Several research works are devoted to bridge the gap between formal and semi-formal methods considering their complementary aspects and cross contributions. Indeed, on the one hand, semi-formal methods (thanks to their support for graphical notations such as UML) are synthetic, structuring and more intuitive for humans, and on the other hand, formal methods (thanks to their mathematical notations) are precise and support automated reasonings. These works were widely interested by translations from a semi-formal UML model to a formal specification: from UML to B [15], from UML to Z [10], from UML to Alloy [3], etc. Their main motivations are to provide precise semantics to UML notations in order to remedy the lack of tools for formally analyzing UML models.

Despite of these numerous tools dedicated to such translation, several companies have an established software development process entirely based on a formal method. For example, Siemens Transport [7], Clearsy [13], Gemplus [5] have used the B method as its core development method without any accompanying UML model. Indeed, since the targeted formal language is not object oriented, translations from UML often lead to a complex specification which is, on the one hand, far from what a developer could write directly, and on the other hand incomplete for a safety critical system. This motivates other kind of works to define a formal link between a formal model and its behavioral representation. For example, works of C. Snook and M. Butler [15] ant its support tool iUML-B [14], provide a graphical front end, used conjointly with a formal B specification in order to keep the distance between both formal and graphical models as thin as possible. We can also cite the ProB tool [11] which is an animator and a model-checker able to draw an accessibility graph after an exhaustive exploration of the specification state space. However, it considers concrete states rather than symbolic ones and the resulting graphical representation is complex because of the combinatorial explosion problem. In order to remedy this shortcoming, [12] provides some heuristics to reduce the accessibility graph size by using a symmetry analysis technique. Furthermore, it was not dedicated to make the focus on the understanding of some particular properties, since the abstract state space could not be provided by an expert user.

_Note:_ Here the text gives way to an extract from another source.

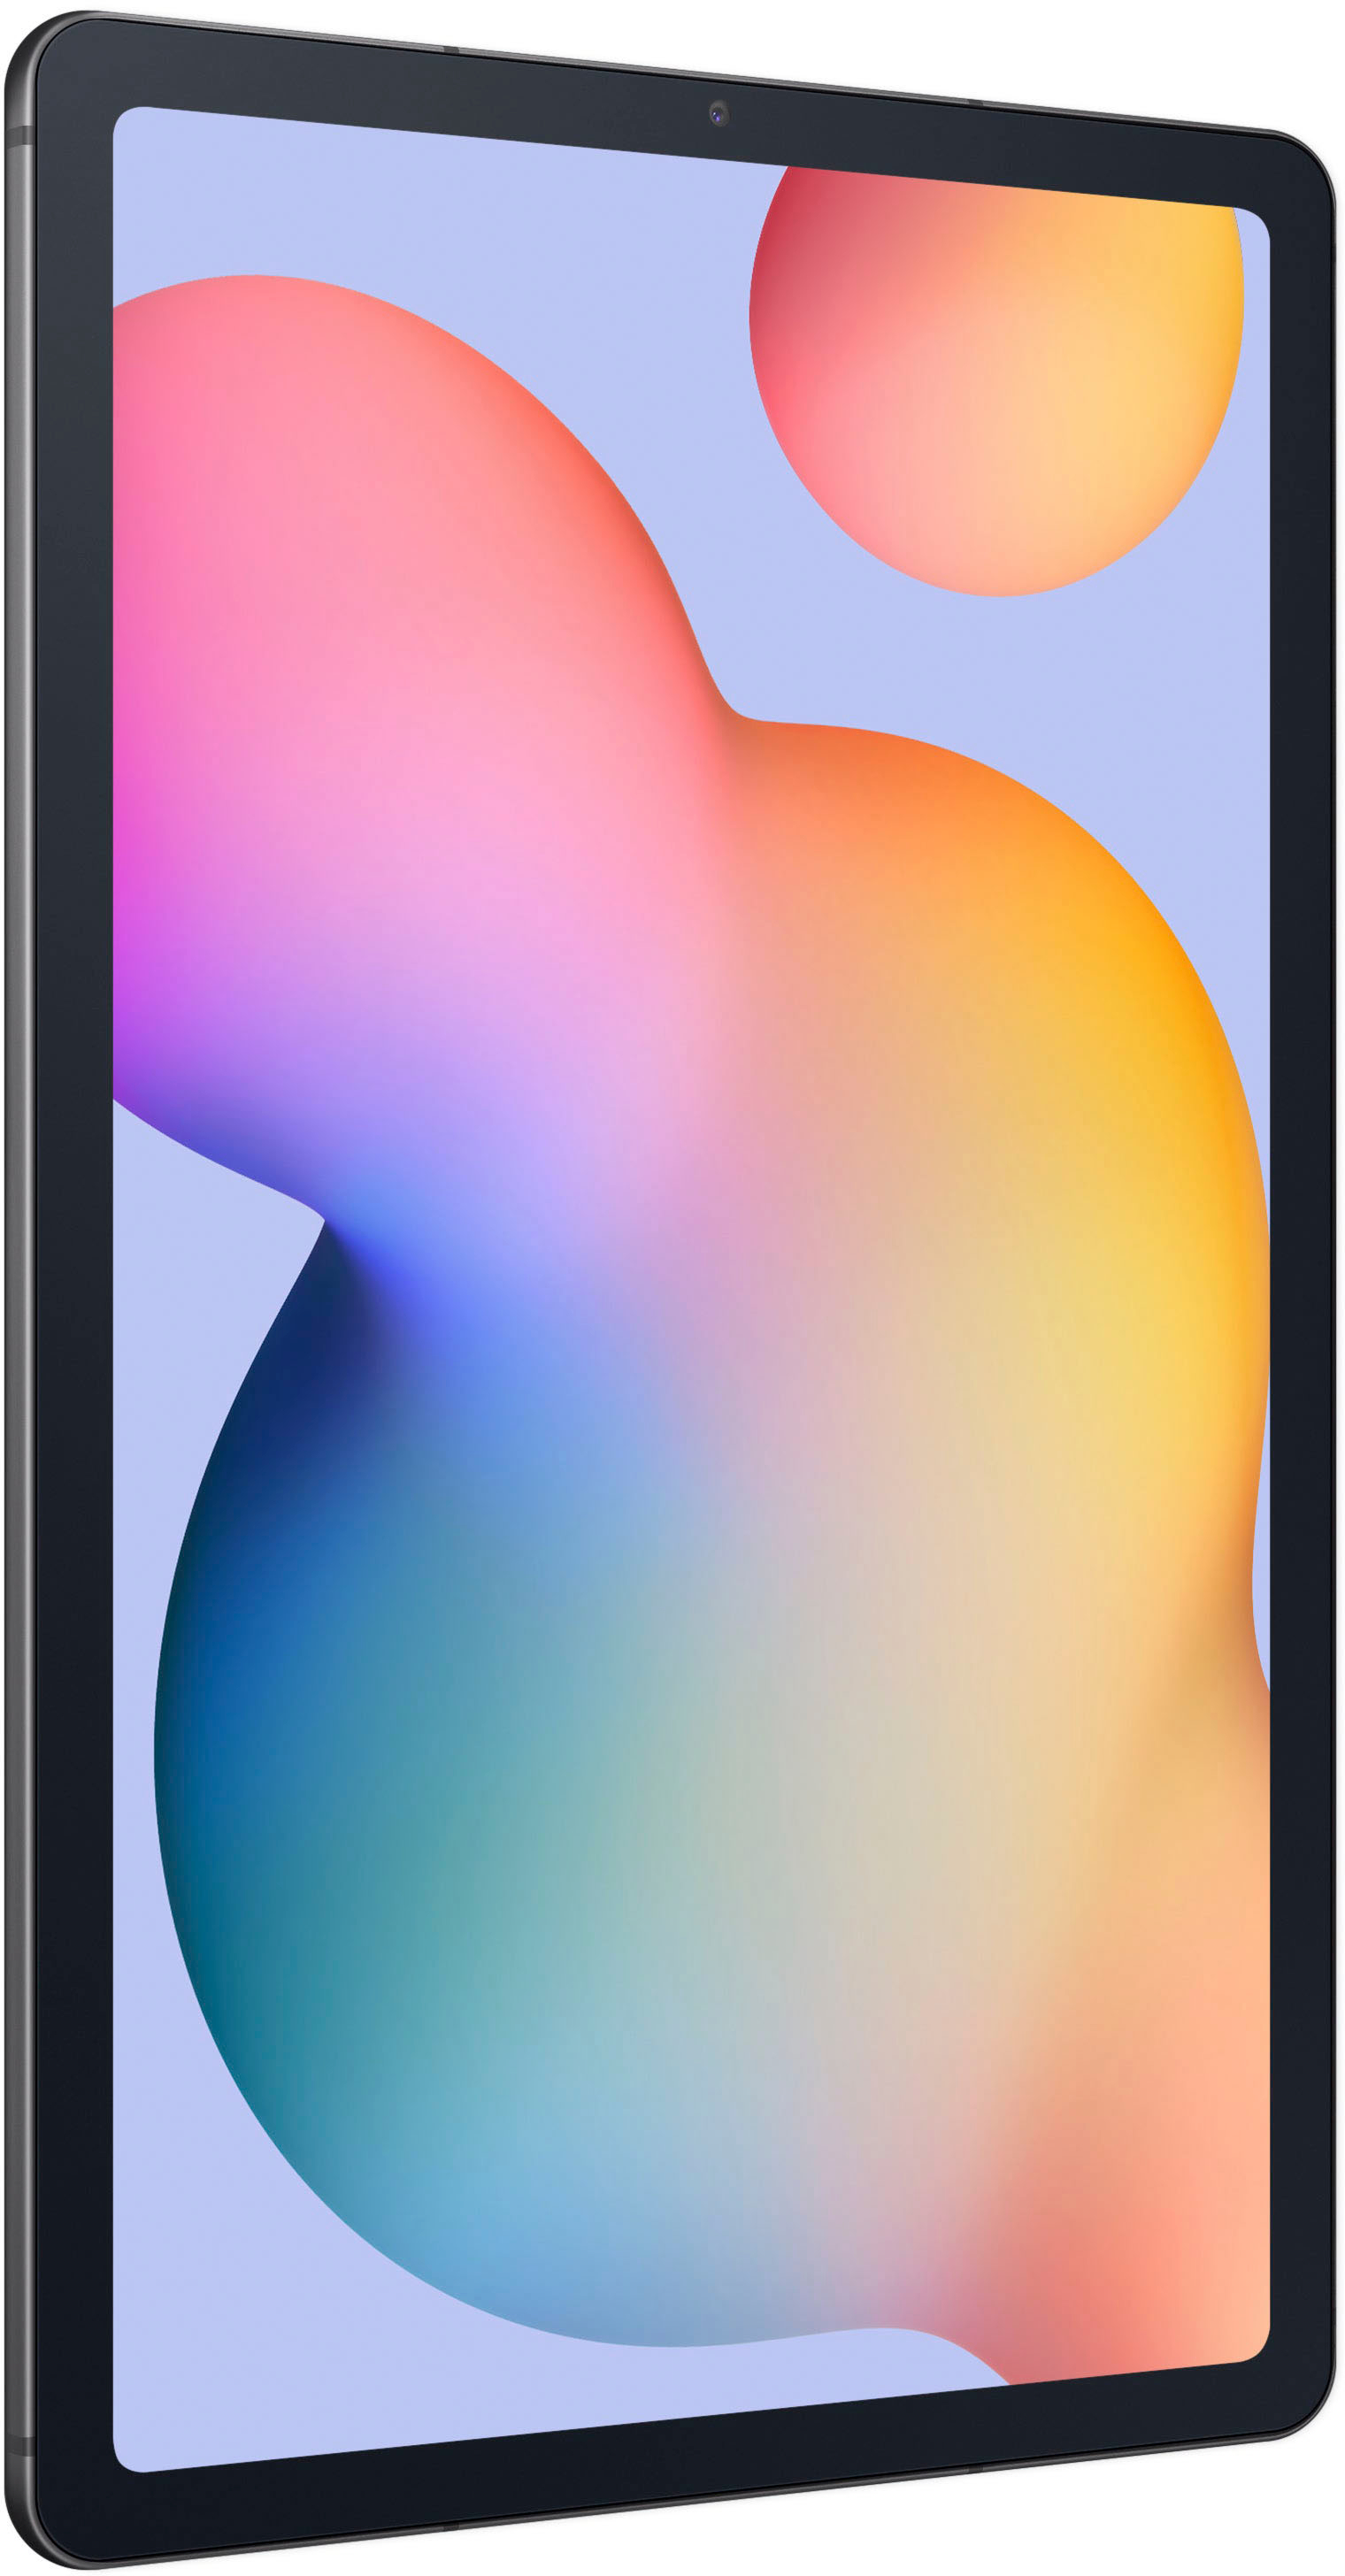 Samsung Galaxy Tab S6 Lite (2022) SM-P613 64GB, Wi-Fi, 10.4 - Oxford Gray  for sale online

In this paper, the starting point is a B or Event-B formal model [1, 2]. Our aim is to provide tools able to extract graphical views representing some properties of the formal model and hence increase its understanding by humans who are not trained with such a formal notation. We discuss and compare two paradigms: under-approximation (or animation-based) and over-approximation (or proof-based). We applied these paradigms in order to produce behavioural views from B models and then we carried out an empirical study to assess the quality and relevance of these graphical representations for humans.

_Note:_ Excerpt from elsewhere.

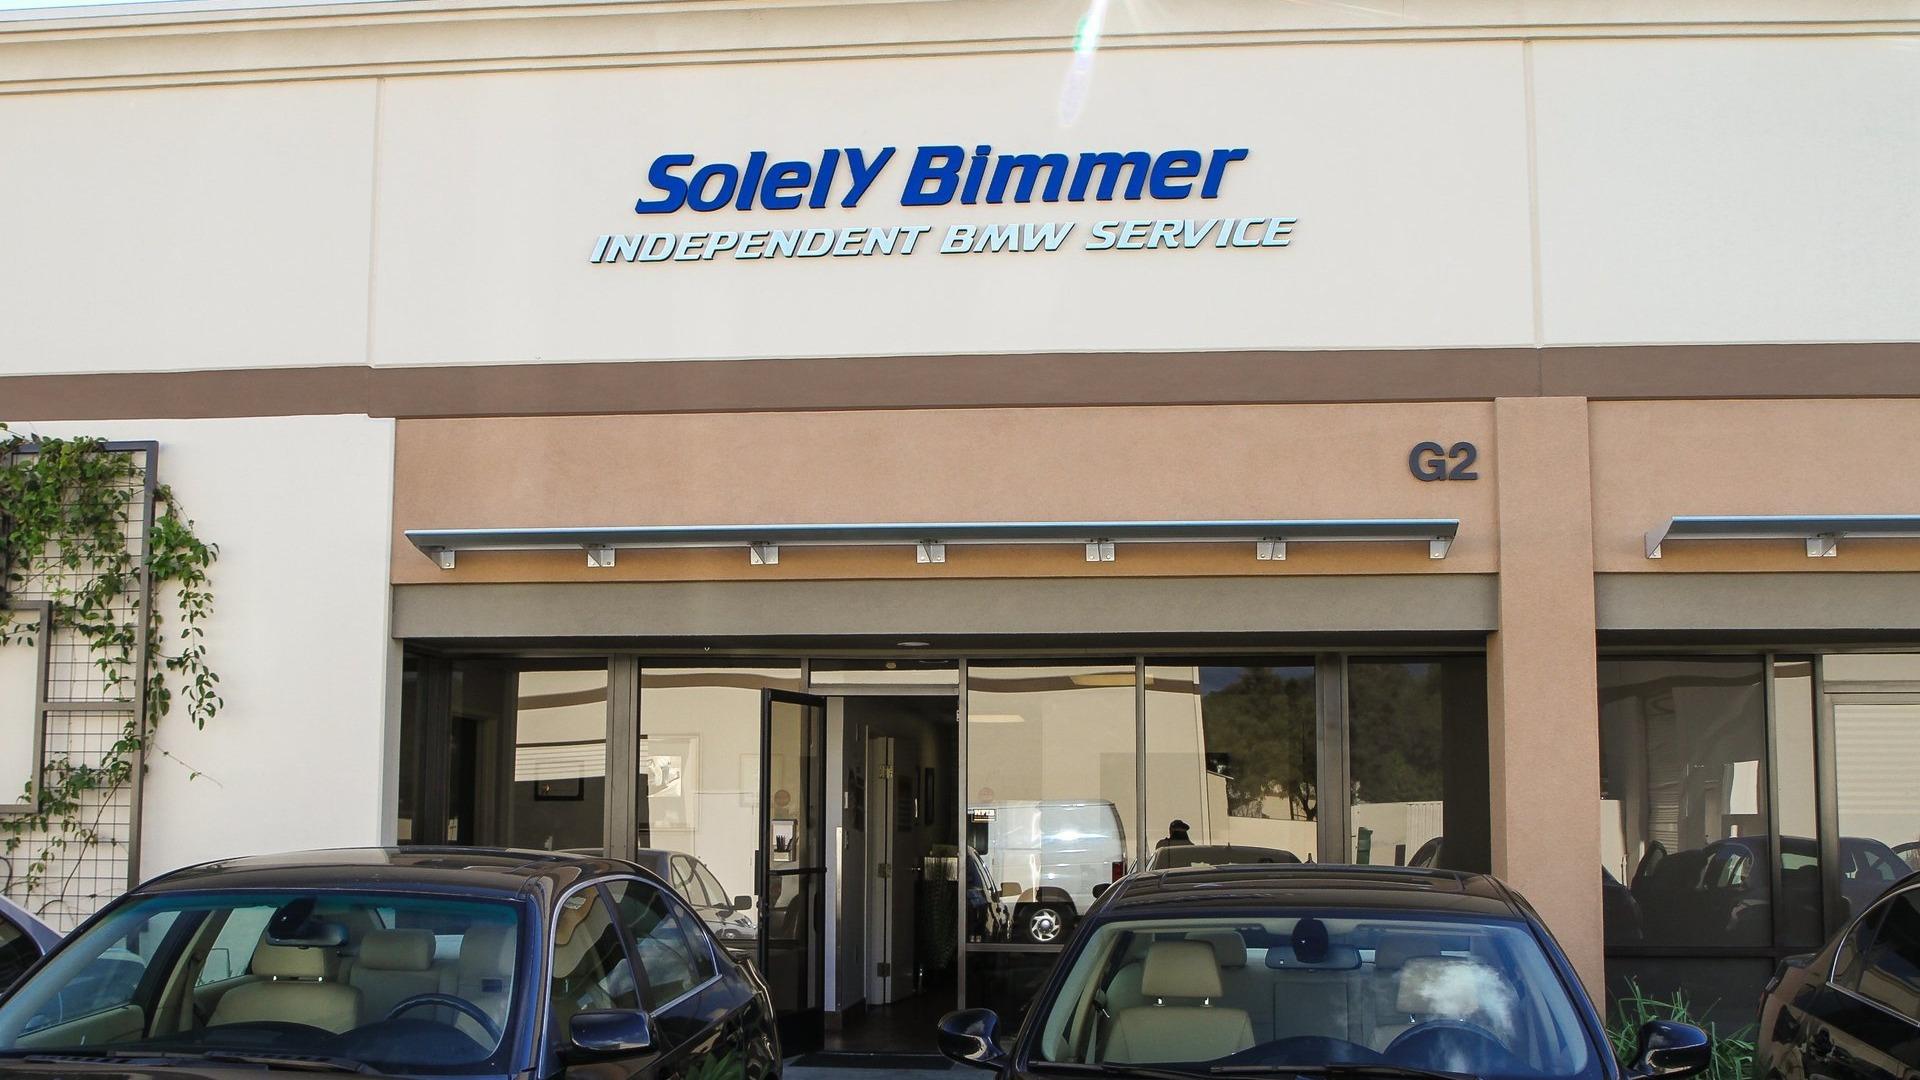 Solely Bimmer Professional BMW Service

In Sect. 2 we give a simple example in order to illustrate contributions of this paper. Section  3 discusses the under-approximation approach and presents an algorithm which improves automation of this technique. Section 4 describes the over approximation technique and presents the GénéSyst-tool. Results of our empirical study are discussed in Sect. 5. Finally, Sect. 6 summarizes our comparative study of both techniques and draws the conclusions and perspectives of this work.

2 Case-Study

Figure 1 gives a simple scheduler specification taken from [6] and written in B. It models exclusive access of processes to a unique resource. Variables waiting, ready and active model states of processes managed by the system. The set of all processes is an abstract set (set PID). An idle process which doesn’t request access to the unique resource is introduced by the system using the waiting variable. Variable ready is the set of processes that have requested access to the resource. Finally, variable active contains the active process to which the resource is assigned. Evolutions of these variables are performed by three events. Event NEW(pp) creates a new waiting process. Event READY(pp) changes process pp from the waiting state to the ready state. If there is no active process it directly activates process pp. Finally, event SWAP puts the active process in the waiting state and activates non-deterministically some ready process.

Fig. 1.
figure 1

Scheduler Specification from [6]

A palette of graphical representations that can be issued from the scheduler example can be found in [8]. These representations provide a graphical documentation of the behaviour of B specifications and allow to identify different viewpoints potentially useful for humans. IFor example, a B analyst may be interested by a graphical representation of the SCHEDULER that intuitively show a process life cycle. Hence, the abstract graphical view may deal with three states corresponding to the fact that a process \(p_i\) (such that \(p_i \in PID\)) is in state waiting, ready or active. In other words, states of the abstract view are: (1) \(p_i \in waiting\), (2) \(p_i \in ready\), and (3) \(p_i \in active\). Figure 2, built manually, gives an abstract view of the SCHEDULER system based on these three states.

Fig. 2.
figure 2

Example of an intuitive abstract view of the SCHEDULER system

From a documentation point of view the interest of this representation is to emphasize graphically some intrinsic properties of the SCHEDULER system, for example:

  • The process equity property, indicating that every process may be activated, is not verified by the specification. Indeed, Fig. 2 shows that in state \(p_i \in ready\), SWAP has a non-deterministic behaviour justified by the existence of two transitions with the same label. This means that event SWAP can block a process \(p_{i}\) indefinitely in state \(p_{i} \in ready\).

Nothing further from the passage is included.